KOMİSYON KONUŞMASI

MEHMET BEKAROĞLU (İstanbul) - Bütçenin son günü.

Sayın Başkan, Sayın Bakan, değerli arkadaşlar; bugün bütçenin son günü. Biraz evvel haber izledim haber kanalından birinde. "Bütçe görüşmeleri Plan ve Bütçe Komisyonunda tamamlandı." diye başladı habere. Sayın Bakan konuştu, tamamlandı. Hâlbuki devam ediyor ya, belki de gece 12.00'de "Plan ve Bütçe Komisyonunda 2019 yılı bütçesi reddedildi diye bir haber çıkacak belki de ama haberi tamamlandı diye verdi. Enteresan bir şey.

BAŞKAN - Hangi haber kanalı bu?

MEHMET BEKAROĞLU (İstanbul) - Haber kanalının adını vermeyeyim.

Değerli arkadaşlarım, bu bütçe nasıl bir bütçe? Tek kelime, iki kelimeyle anlatılabilir mi? Çok nitelemeler yapıldı, biraz evvel Garo Kardeşimiz "insafsız, vicdansız, adaletsiz" filan dedi. Farklı şeyler var; "Güvenlik bütçesi" falan deniliyor, bir sürü şeyler söylendi. Bana göre bunların hepsi doğru olmakla beraber en doğrusu bu bütçe bir tek adam bütçesi. Nereden çıkarıyorum? Yani düşünüyordum bir anda jeton düştü. Şimdi bize Sayın Başkanımız 2019 yılı Merkezi Yönetim Bütçesi Kanun Teklifi işlenmiş metnini getirdi, şöyle siz de bakın. Artık bütçenin yürütmesi filan, her şey Cumhurbaşkanına ait. Arkadaşlar, artık bir özelleştirme kurulu filan yok, her şey Cumhurbaşkanı. Maliye Bakanı yok.

NİLGÜN ÖK (Denizli) - Var.

MEHMET BEKAROĞLU (İstanbul) - Var tabii Maliye Bakanı. Var da bütçede yok, bütçede. Geliyor burada sunuyor ama bütçede yok. Her şeyi... Bakın, elinizde. Maliye Bakanı filan hep çizilmiş, her şey... Bir kişi yapıyor, Cumhurbaşkanı yapıyor. Böyle bir bütçe.

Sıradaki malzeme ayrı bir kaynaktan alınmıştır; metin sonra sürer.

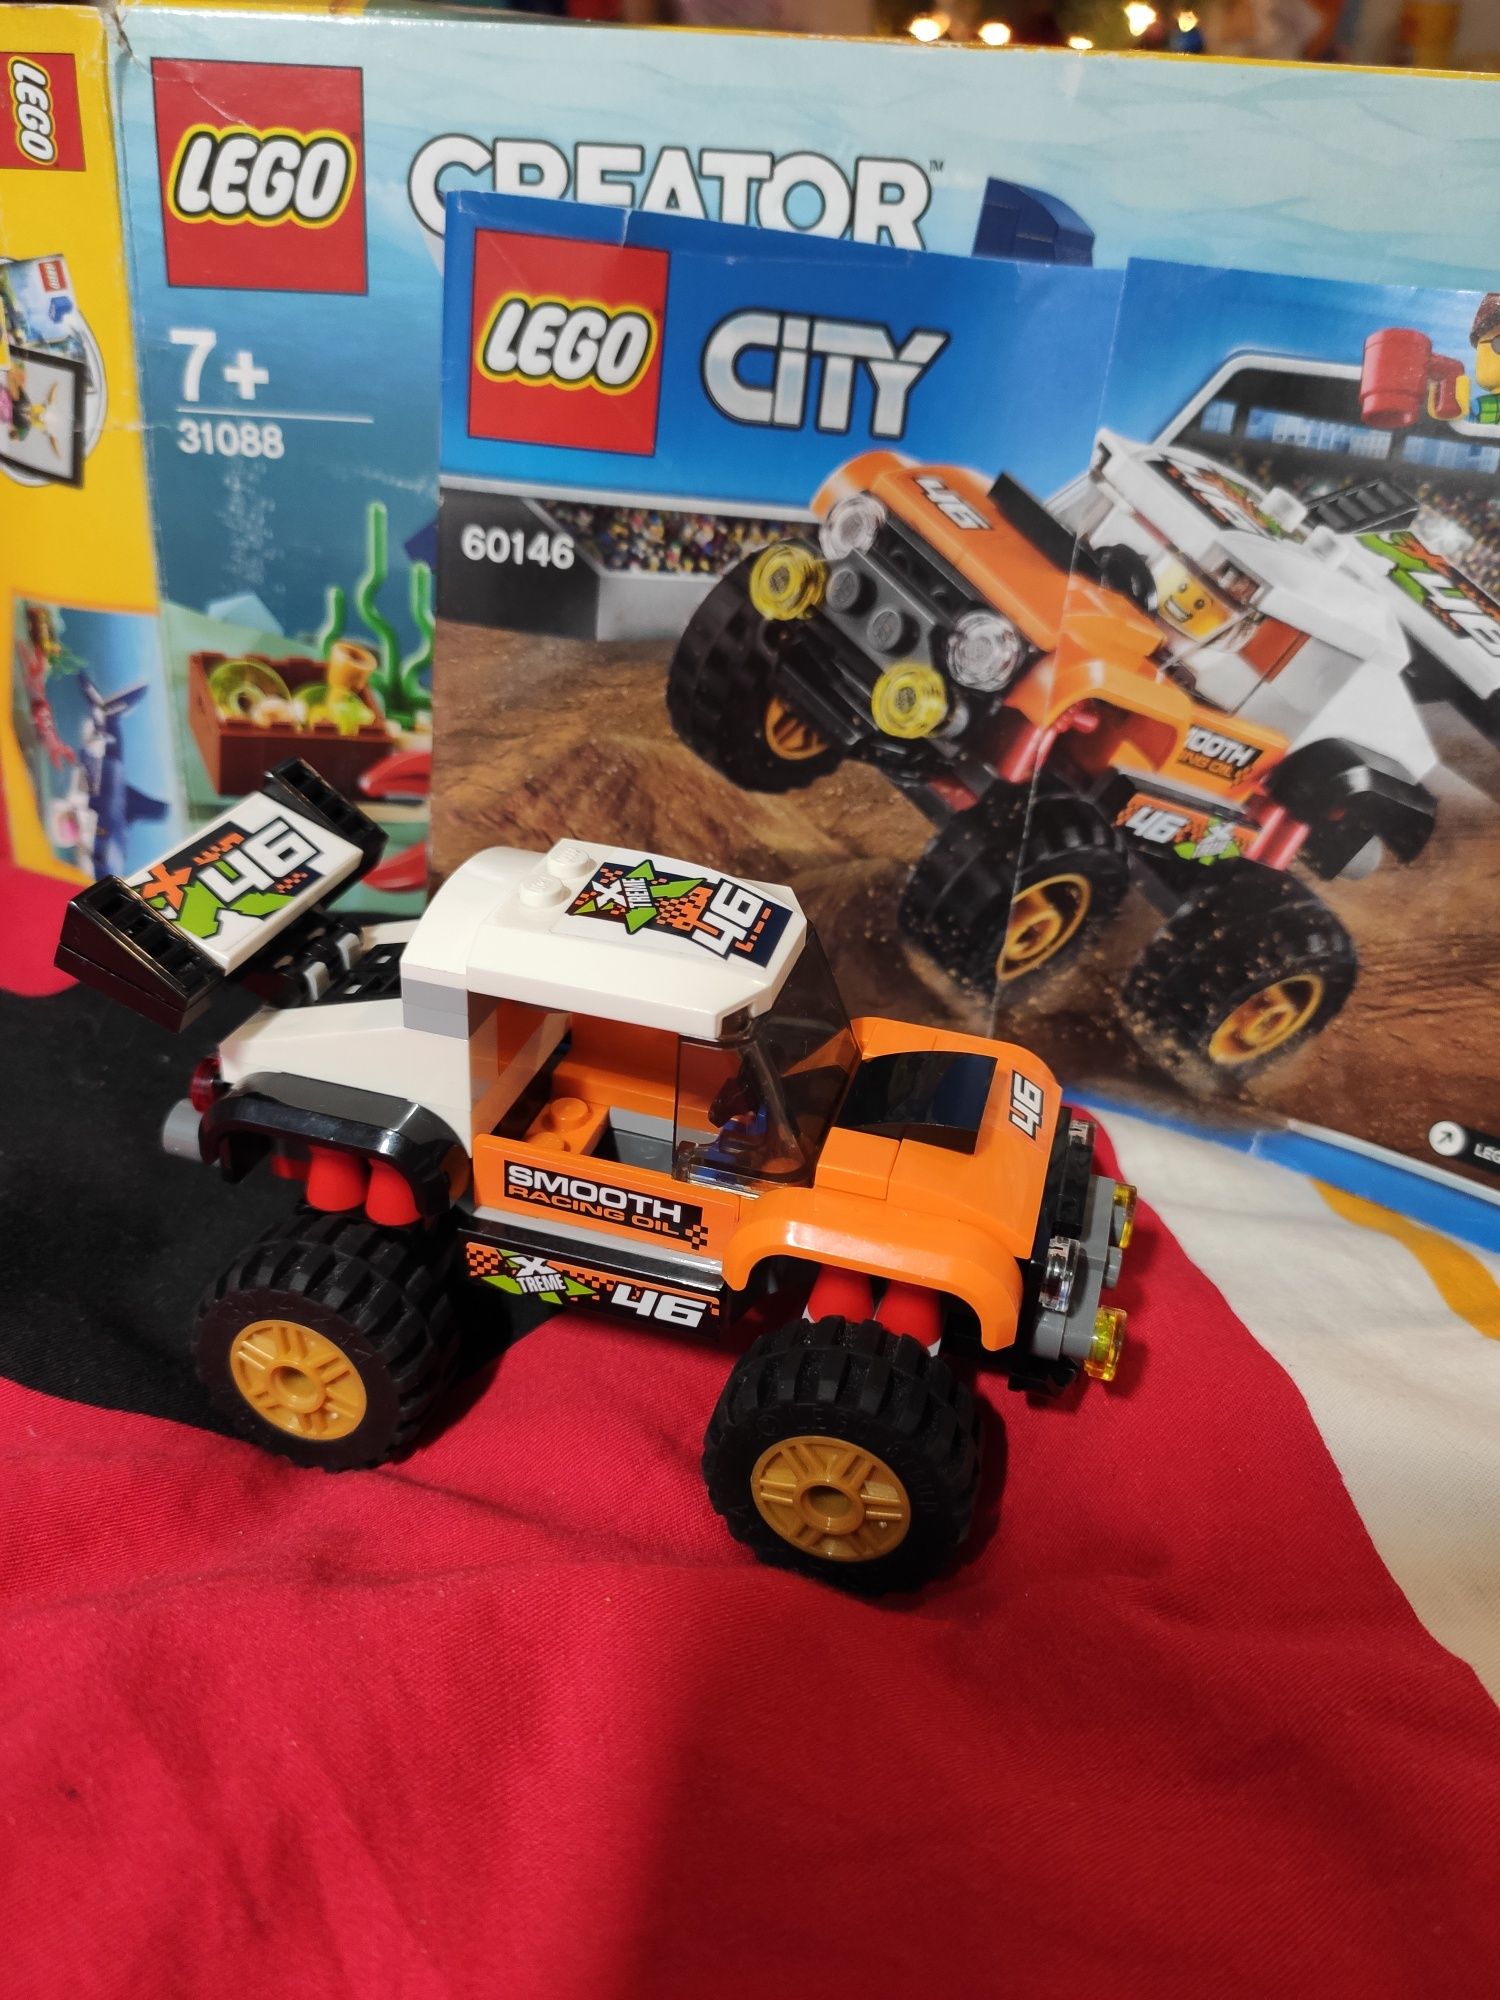 LEGO City Внедорожник каскадера (60146)монстер трак джип внедорожник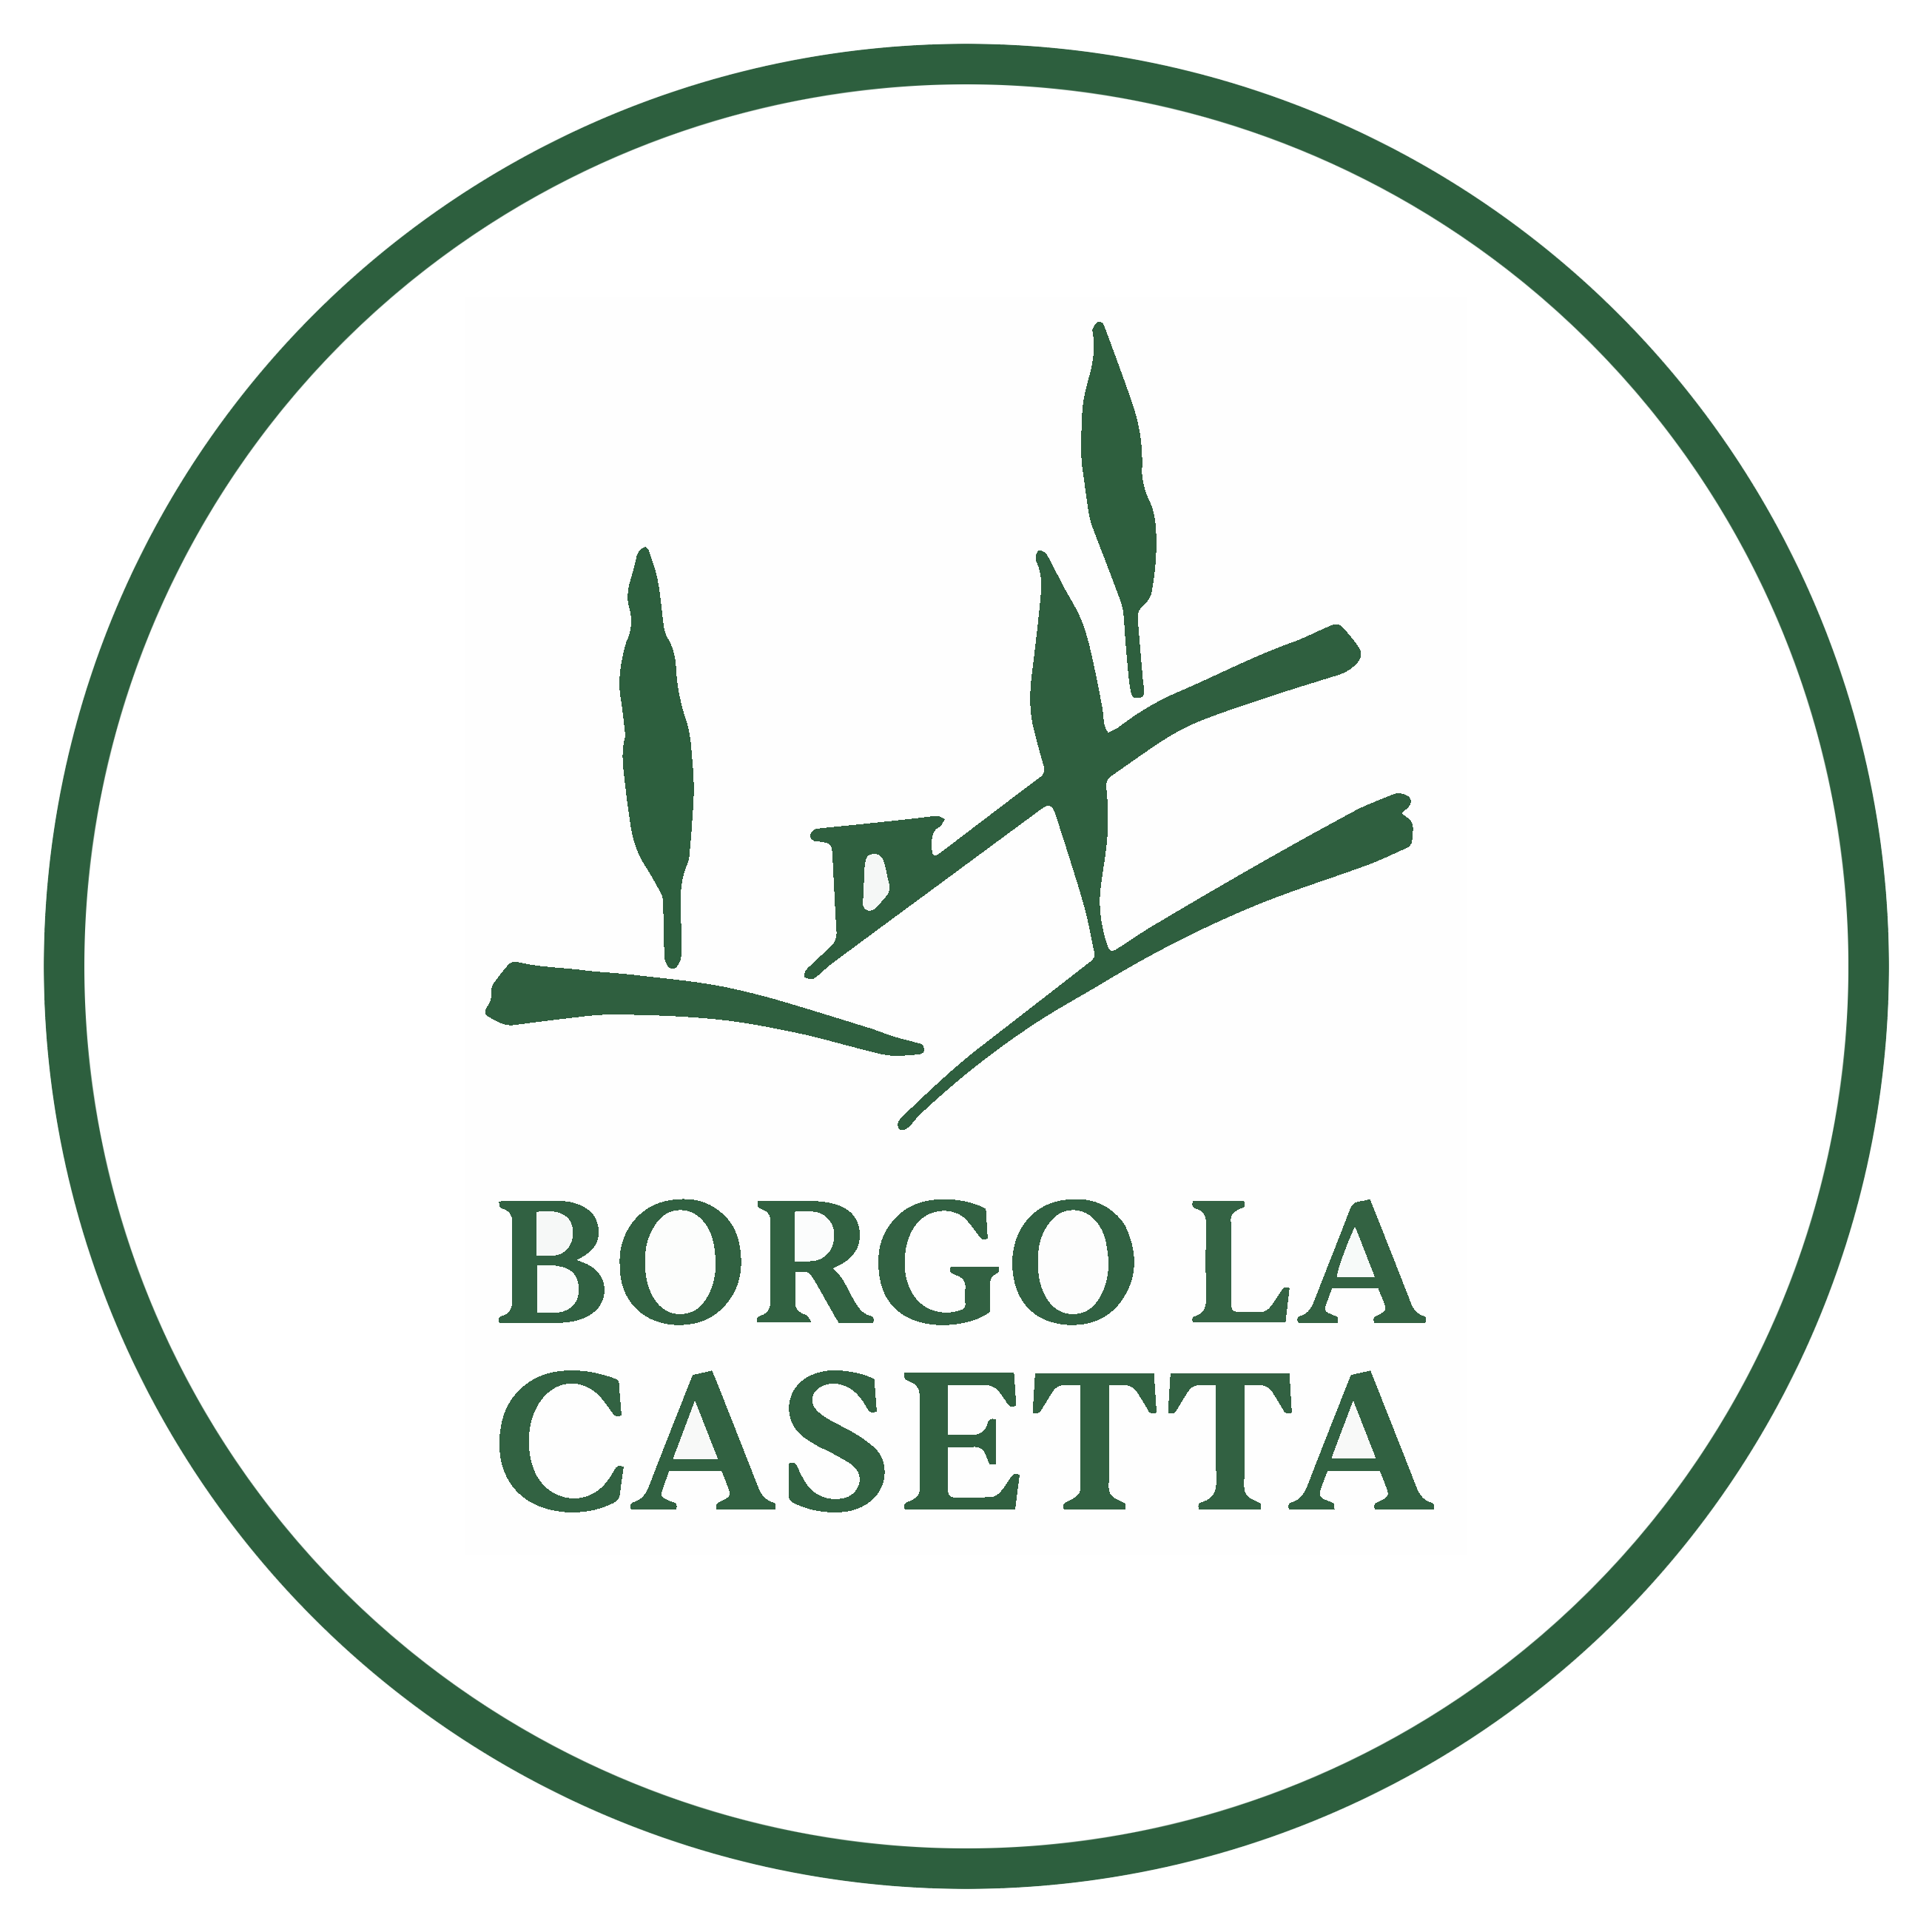 Borgo La Casetta

BAŞKAN - Siz daha rahat anlayın diye öyle yaptım ben zaten.

NİLGÜN ÖK (Denizli) - Tek başına yapıyor olması...

MEHMET BEKAROĞLU (İstanbul) - Yapsın tabii ya, bir şey demiyorum. Ben bir durum tespiti yapıyorum ya.

Üstelik de bütün bunlar mevcut Anayasa'ya aykırı bir şekilde yapıldı. İşte, yetkiyle Kanun Hükmünde Kararname bütün kurumları ortadan kaldırdı, sonra Cumhurbaşkanı... Aslında kanunla düzenlenmesi gerekli konularda Cumhurbaşkanlığı kararnameleri çıkarılarak yeni bir sistem oluşturulmaya çalışılıyor. Bu, mevcut, 16 Nisanda kabul edilen Anayasa'ya bile terstir.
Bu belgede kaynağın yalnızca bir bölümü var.